There are other biblical texts that seem to celebrate the choices that women make for their bodies, even in contexts in which such choices would have been socially shunned. The fifth chapter of the Gospel of Mark, for example, describes a woman with a gynecological ailment that has made her bleed continuously taking a great risk: She reaches out to touch Jesus’ cloak in hopes that it will heal her, even though the touch of a menstruating woman was believed to cause ritual contamination. However, Jesus commends her choice and praises her faith.
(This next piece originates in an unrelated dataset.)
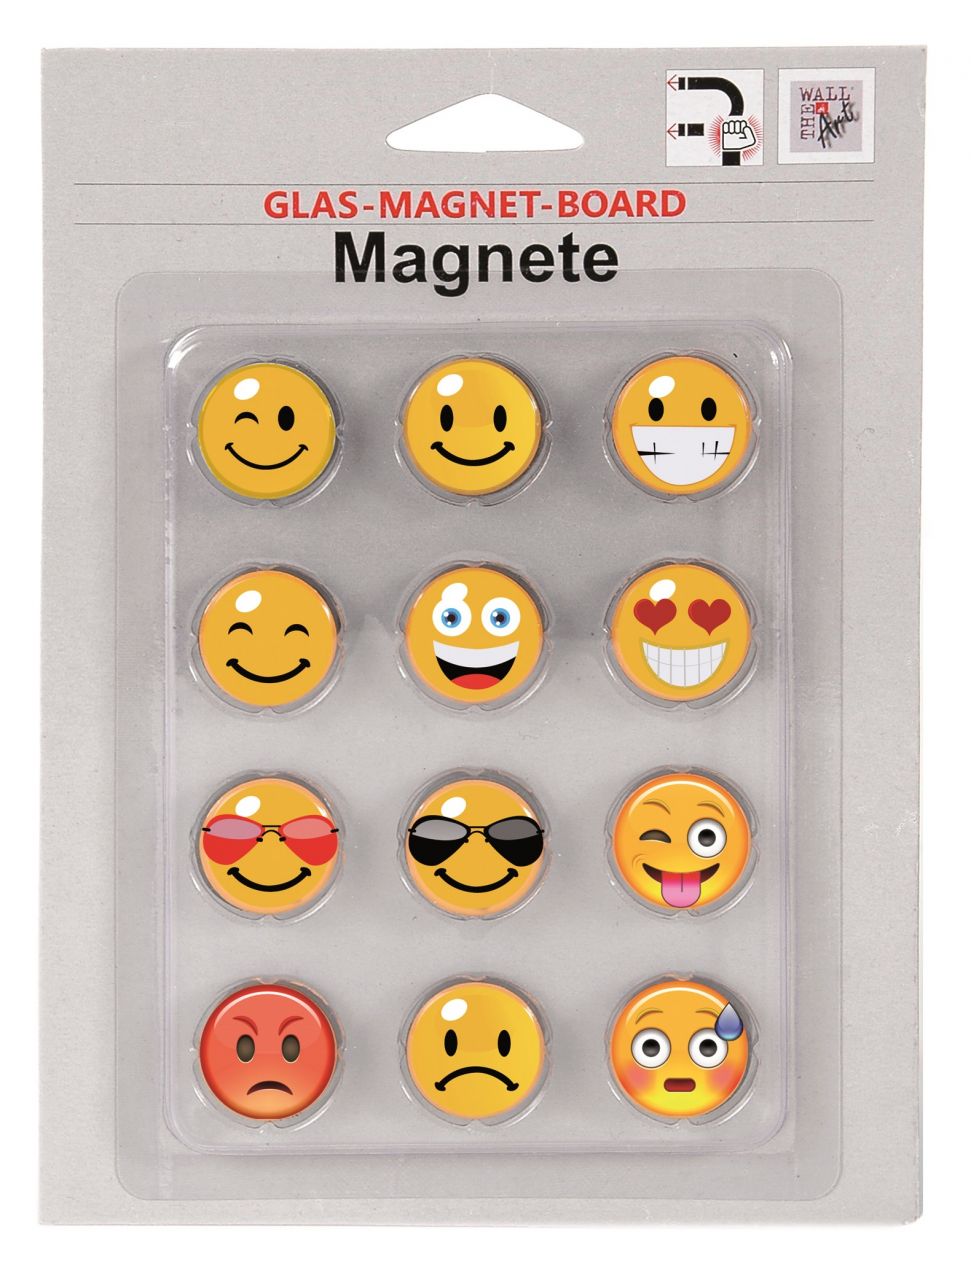 Magnetset 12-teilig - Smilie für Glas-Magnet-Board von The Wall

Similarly, in the Gospel of John, Jesus’ follower Mary seemingly wastes resources by pouring an entire container of costly ointment on his feet and using her own hair to wipe them – but he defends her decision to break the social taboo around touching an unrelated man so intimately.
Beyond the Bible
In the response to the U.S. Supreme Court’s decision, Christians on both sides of the partisan divide have appealed to any number of texts to assert that their particular brand of politics is biblically backed. However, if they claim the Bible specifically condemns or approves of abortion, they are skewing the textual evidence to fit their position.
Of course, Christians can develop their own faith-based arguments about modern political issues, whether or not the Bible speaks directly to them. But it is important to recognize that although the Bible was written at a time when abortion was practiced, it never directly addresses the issue.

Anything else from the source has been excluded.